I appreciate when a child therapist uses their time with the child and if there are things to discuss with the parents, in particular with divorced parents in sensitive situations, the therapist can send a brief email copying both parents openly so everybody is in the loop or set up a conference call or zoom with them. Ask about this up front!!
A Few Last Words
Do not go through the process of hiring a child therapist for your legal battle or for the purpose of having a professional say that the child should not see the other parent or have less time with them.
If you’re really putting your child first, the focus should be on getting them the support they need, by an objective party, so your child is not caught in the middle and triangulated between parents.
Any good child therapist who recognizes that there may be issues in one of the homes or if parenting time needs to be restructured for the child’s well-being, knows it should be initiated by the therapist.

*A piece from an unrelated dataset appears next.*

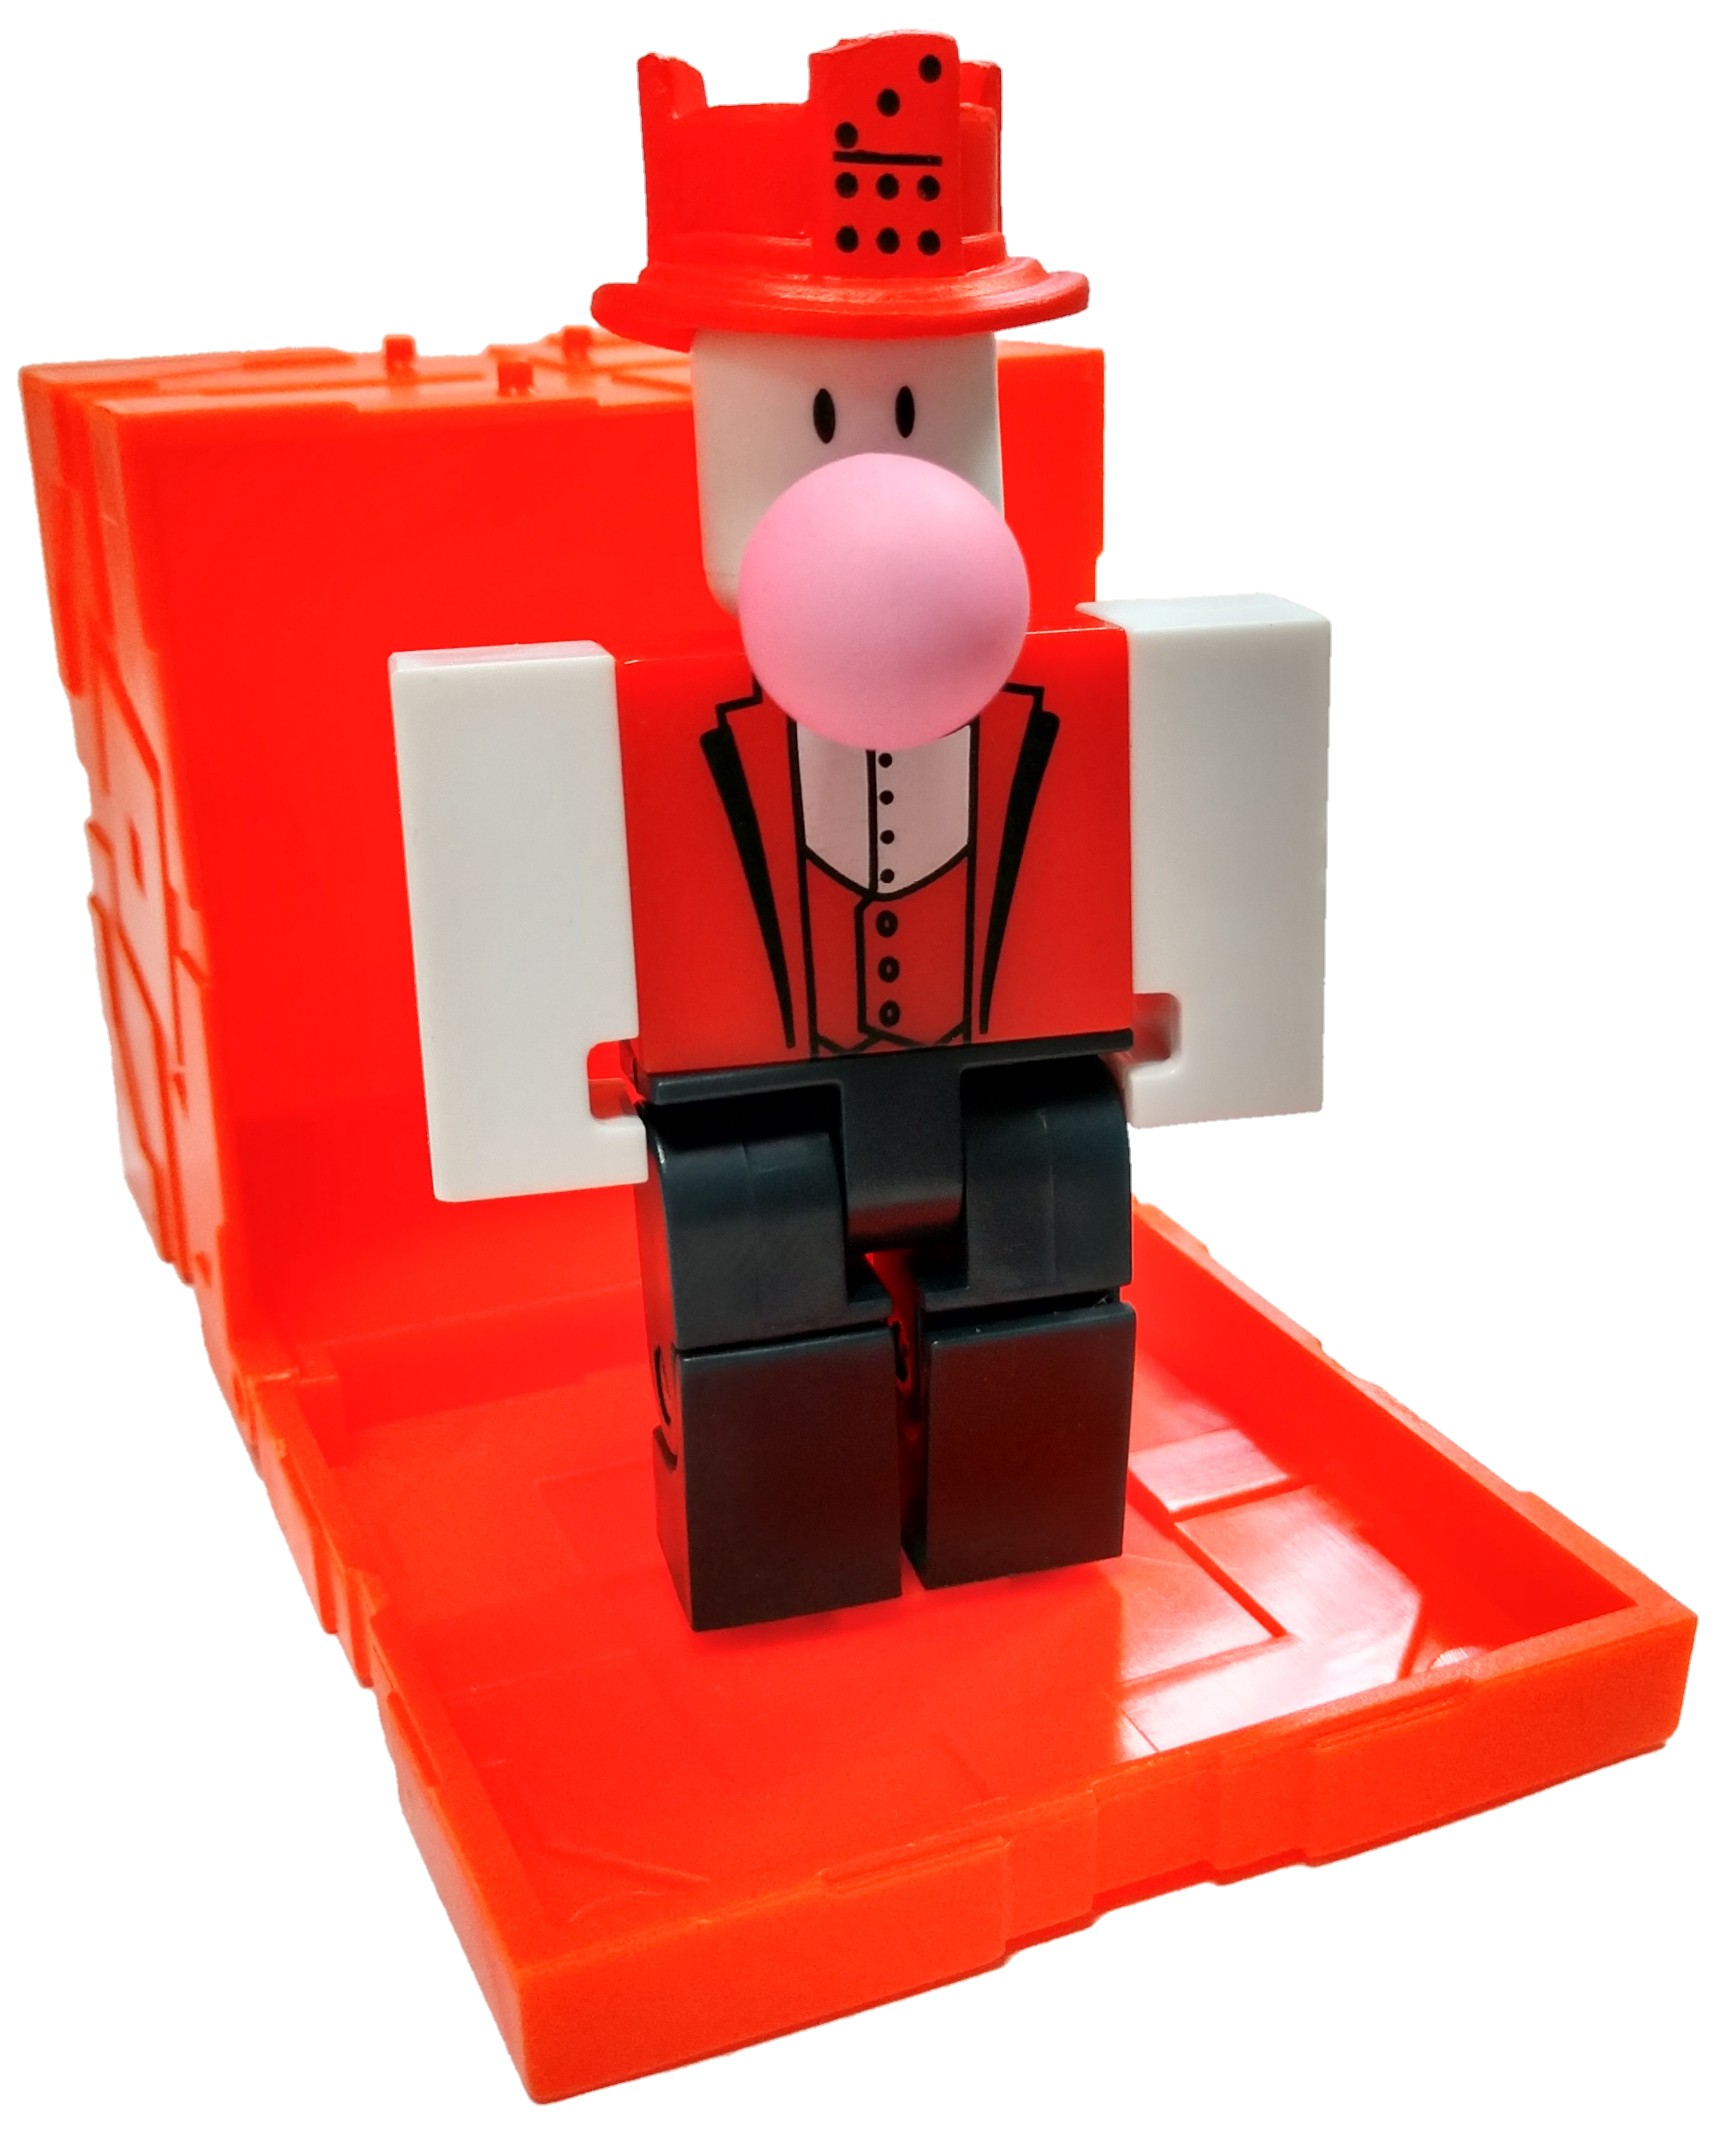 Roblox Series 6 4sci Mini Figure With Online Code 666714325251 Ebay - roblox series 1 action figure mystery bo buy online in guernsey at desertcart

Putting therapists in the position of “I’m hiring you because I want to prove that my ex shouldn’t have the kids as much” will run far from that situation!
They choose this profession because their heart and soul is dedicated to helping children. Their priority should be the therapeutic relationship with the child.
Never sign a kid up for therapy and start taking them to a therapist without consulting with the other parent. Once a month is not enough for a therapist to have a therapeutic relationship with a child. Don’t put limits on the other parent or the therapy to exert control. Let the therapist guide the treatment plan.
After all, don’t you want your child to come out of this better and healthier than before?